What happened in the lungs

After infecting the mice with influenza, the team observed that NK cells in the lungs produced high levels of PD-L1. When they treated the mice with an antibody that activated PD-L1 signaling, the NK cells became substantially better at killing virus-infected cells. The treated mice survived longer than untreated controls.

One detail stood out: the improved viral clearance did not come at the cost of collateral tissue damage. In many respiratory infections, the immune response itself causes as much harm as the virus - a phenomenon familiar from severe COVID-19 cases. Here, activating PD-L1 appeared to enhance precision rather than brute-force destruction.

The mechanism involved a downstream molecule called TRAIL (tumor necrosis factor-related apoptosis-inducing ligand). PD-L1 signaling in NK cells increased TRAIL expression, and TRAIL is specifically designed to trigger programmed cell death in infected or damaged cells. The result was more targeted killing of flu-infected cells without the inflammatory collateral damage that often accompanies aggressive immune responses.

And there was another surprise. In cancer, PD-L1 works by interacting with PD-1. But in this flu model, the enhanced NK cell function operated independently of PD-1. PD-L1 was sending signals inside the NK cells themselves, a form of reverse signaling that had not been well characterized in viral infection.

Human signals in COVID-19 patients

The researchers also examined human lung tissue and blood samples from COVID-19 patients. They found similarly increased expression of both PD-L1 and TRAIL in lung NK cells, suggesting that the mechanism observed in mice may extend to human respiratory viral infections. This does not prove the same protective function operates in people, but it establishes that the molecular players are present and active during severe viral lung disease.

"Most healthy people don't die from the flu when they get sick," Paust said. "It's really the very young, the very old, and certainly the immunocompromised who are at risk of dying. Immunocompromised patients with flu usually die from severe complications, especially viral or secondary bacterial pneumonia leading to respiratory failure, sometimes with sepsis and multi-organ failure."

What this might mean for cancer therapy

The findings carry an intriguing implication for oncology. If PD-L1 can send functional signals inside cells during viral infection, it may do the same in tumors. That could help explain a puzzle that has nagged the immunotherapy field: why drugs that block PD-L1 and drugs that block PD-1 - two sides of the same checkpoint pathway - do not always produce identical results in cancer patients.

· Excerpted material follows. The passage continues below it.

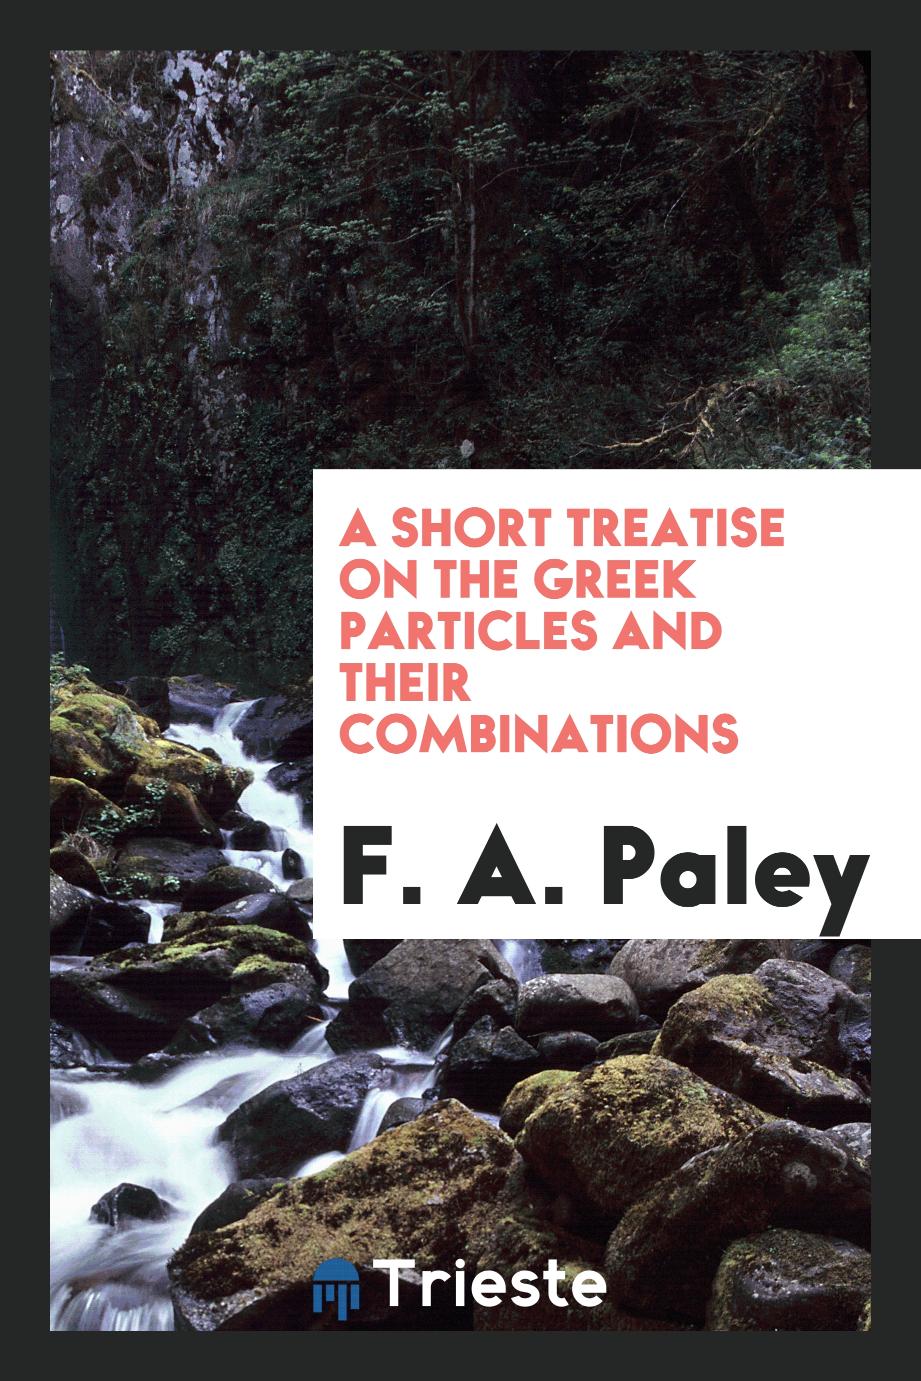 F. A. Paley - A Short Treatise on the Greek Particles and Their Combinations

"If PD-L1 is sending signals inside cells during flu infection, it may do the same in cancer and other diseases," Paust said. "That could reshape how we think about immune checkpoints, because this molecule's role may depend on which cells carry it. In the lung, PD-L1 may be doing two jobs at once."

Mouse model, open questions

The study's most significant limitation is also its most obvious: the mice used lacked T and B cells entirely. That is a useful model for studying immunocompromised patients, but it does not replicate the immune environment of healthy individuals, where T cells, B cells, and NK cells all interact. The next step, which Paust's team is already pursuing, is to study how PD-L1 behaves in lungs with a full, intact immune system.

"We still don't understand how PD-L1 behaves in healthy lungs with a full immune system," Paust acknowledged. "Figuring that out could help us understand how the lung regulates immune responses to viral infection."

The study also involved only influenza. Whether PD-L1 plays the same protective role in other respiratory viruses - RSV, parainfluenza, or future pandemic strains - remains unknown. And translating a finding from mice to a viable human therapy would require years of additional preclinical and clinical work.

But the core finding reframes a well-known molecule. PD-L1 is not simply a brake on immunity. In the right context, on the right cells, it can be an accelerator - and that distinction may matter for both infectious disease and the next generation of cancer treatments.